### RECORD EXTRACTS

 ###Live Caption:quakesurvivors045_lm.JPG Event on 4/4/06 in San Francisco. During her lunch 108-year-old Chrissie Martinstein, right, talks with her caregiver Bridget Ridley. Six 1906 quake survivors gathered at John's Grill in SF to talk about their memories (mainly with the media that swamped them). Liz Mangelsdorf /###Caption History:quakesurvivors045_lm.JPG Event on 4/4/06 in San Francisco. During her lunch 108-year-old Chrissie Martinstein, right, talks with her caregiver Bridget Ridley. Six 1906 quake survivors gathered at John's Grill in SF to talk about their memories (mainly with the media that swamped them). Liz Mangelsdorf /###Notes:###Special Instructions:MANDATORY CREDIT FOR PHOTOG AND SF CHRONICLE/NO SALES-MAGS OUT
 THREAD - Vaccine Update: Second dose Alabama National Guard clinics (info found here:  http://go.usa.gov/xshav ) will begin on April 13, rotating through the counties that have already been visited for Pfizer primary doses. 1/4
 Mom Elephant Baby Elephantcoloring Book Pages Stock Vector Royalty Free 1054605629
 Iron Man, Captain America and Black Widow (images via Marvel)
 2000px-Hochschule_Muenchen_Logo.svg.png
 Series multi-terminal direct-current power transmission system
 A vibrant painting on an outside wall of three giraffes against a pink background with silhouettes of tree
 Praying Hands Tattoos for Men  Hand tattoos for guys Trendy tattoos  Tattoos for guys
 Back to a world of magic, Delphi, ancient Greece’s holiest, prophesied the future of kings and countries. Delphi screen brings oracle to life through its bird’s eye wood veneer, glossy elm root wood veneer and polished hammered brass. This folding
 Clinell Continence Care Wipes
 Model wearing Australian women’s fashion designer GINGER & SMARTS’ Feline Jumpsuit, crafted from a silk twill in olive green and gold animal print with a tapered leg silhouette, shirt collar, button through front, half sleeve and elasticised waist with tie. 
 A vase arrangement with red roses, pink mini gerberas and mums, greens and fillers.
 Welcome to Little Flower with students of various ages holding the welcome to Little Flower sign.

### WORK ITEM
Reproduce, word for word and in full, only the lines above that start at the line with "Iron Man, Captain" and run through the line with "Praying Hands Tattoos", both ends included.

### REPLY TO THE EXERCISE
 Iron Man, Captain America and Black Widow (images via Marvel)
 2000px-Hochschule_Muenchen_Logo.svg.png
 Series multi-terminal direct-current power transmission system
 A vibrant painting on an outside wall of three giraffes against a pink background with silhouettes of tree
 Praying Hands Tattoos for Men  Hand tattoos for guys Trendy tattoos  Tattoos for guys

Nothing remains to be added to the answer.